大金持ちの資産家でも「あえてローン」を選ぶケース
「キャッシュで一括購入は投資効率が悪い」という知人の指摘は、具体的にどのようなことを意味しているのでしょうか?
まず、アパートの購入代金を一括で支払えば、当然ながらその分だけ手元の資金が一気に減ってしまいます。Aさんは念頭に置いていないかもしれませんが、設備の交換や修繕などといった突発的な出費があった場合、Aさんが予算よりも安く買えて浮いた分のお金(約7,000万円)が減ってしまうことになります。
もちろん、Aさんが考えているとおり、キャッシュで購入すれば利息の支払いは発生しません。加えて、ローンを組んだ場合は返済額分を差し引いた正味の利回り(返済後利回り)が低下してしまいますので、その点においても全額キャッシュ購入のケースのほうが有利だといえるでしょう。

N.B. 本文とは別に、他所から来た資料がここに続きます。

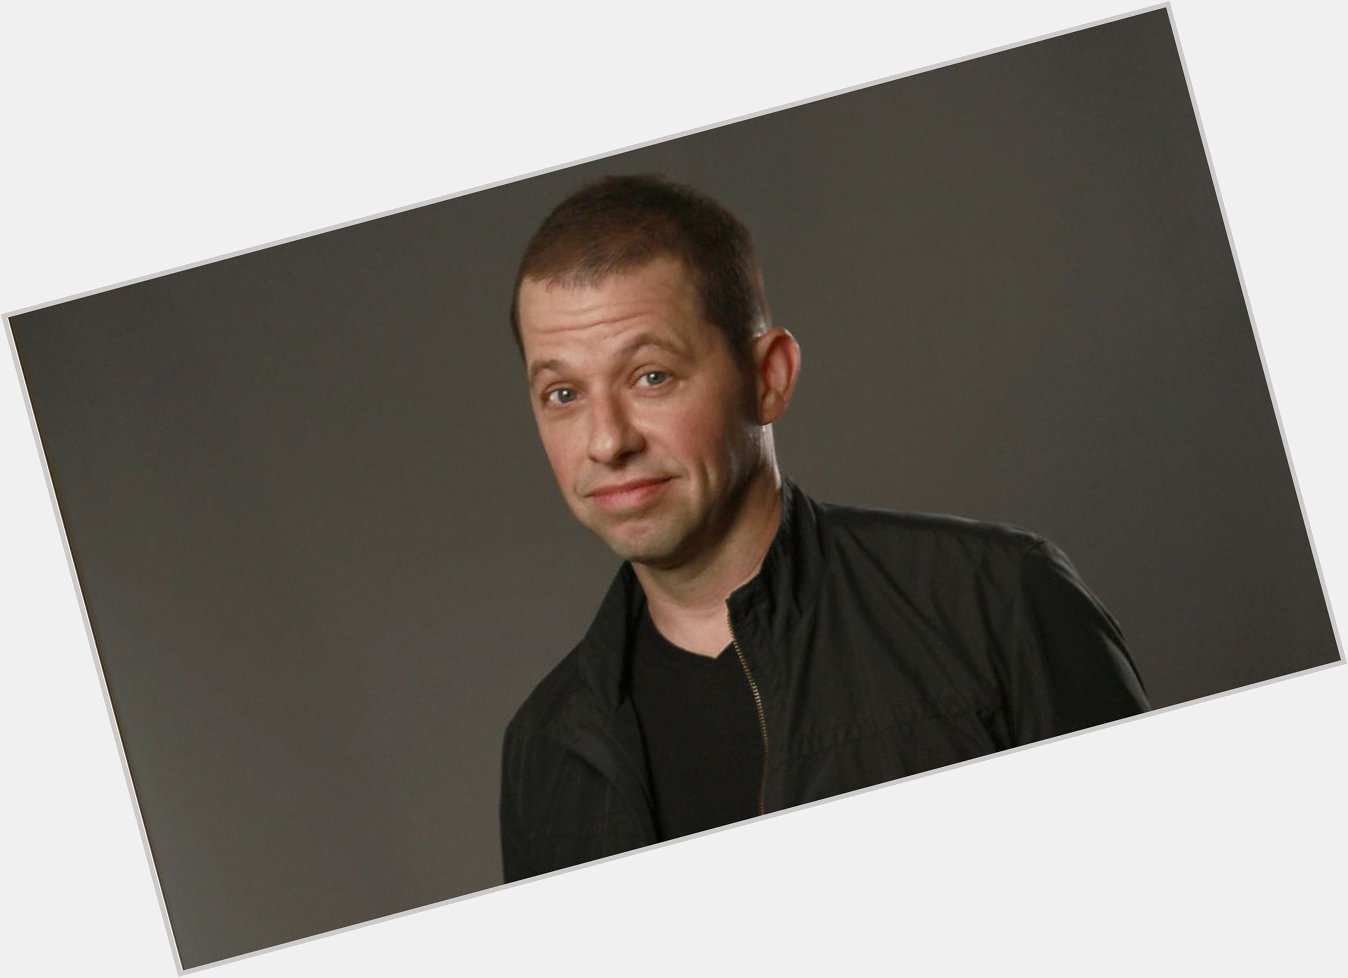 Happy birthday to actor Jon Cryer, who is 53 today

ただ、Aさんの知人が指摘したようにキャッシュによる一括払いは、最初に投じた資金の回収に長い時間を要するため、その分だけ投資効率が悪くなるのも確かです。
ローンを活用して“レバレッジを効かせる”という手法
たとえば、4,000万円を頭金として残りをローンで調達し、Aさんが購入したものとほぼ同等の物件を2棟所有するという発想があります。そうすれば、同じく8,000万円の自己資金投入でも、ローンの返済分を差し引いたうえで収益性は向上します。
ローンの活用で投入した資金(頭金)の何倍もの価格の物件を所有できることを、投資の世界では「レバレッジ(テコの原理)を効かせる」と表現します。複数棟をすべて一括で購入できるような資産家のあいだでも、あえてローンを用いてレバレッジを効かせた投資を行っているケースが見受けられます。
先述したように、全額キャッシュで購入することにもメリットがあります。多数の賃貸不動産を所有している資産家の方々は、資産構成や投資の目的などに応じて、キャッシュによる購入とローンの活用を上手く使いわけているのでしょう。
いずれにせよ、投資に対するリスクを鑑みて自己資金を拠出することが重要です。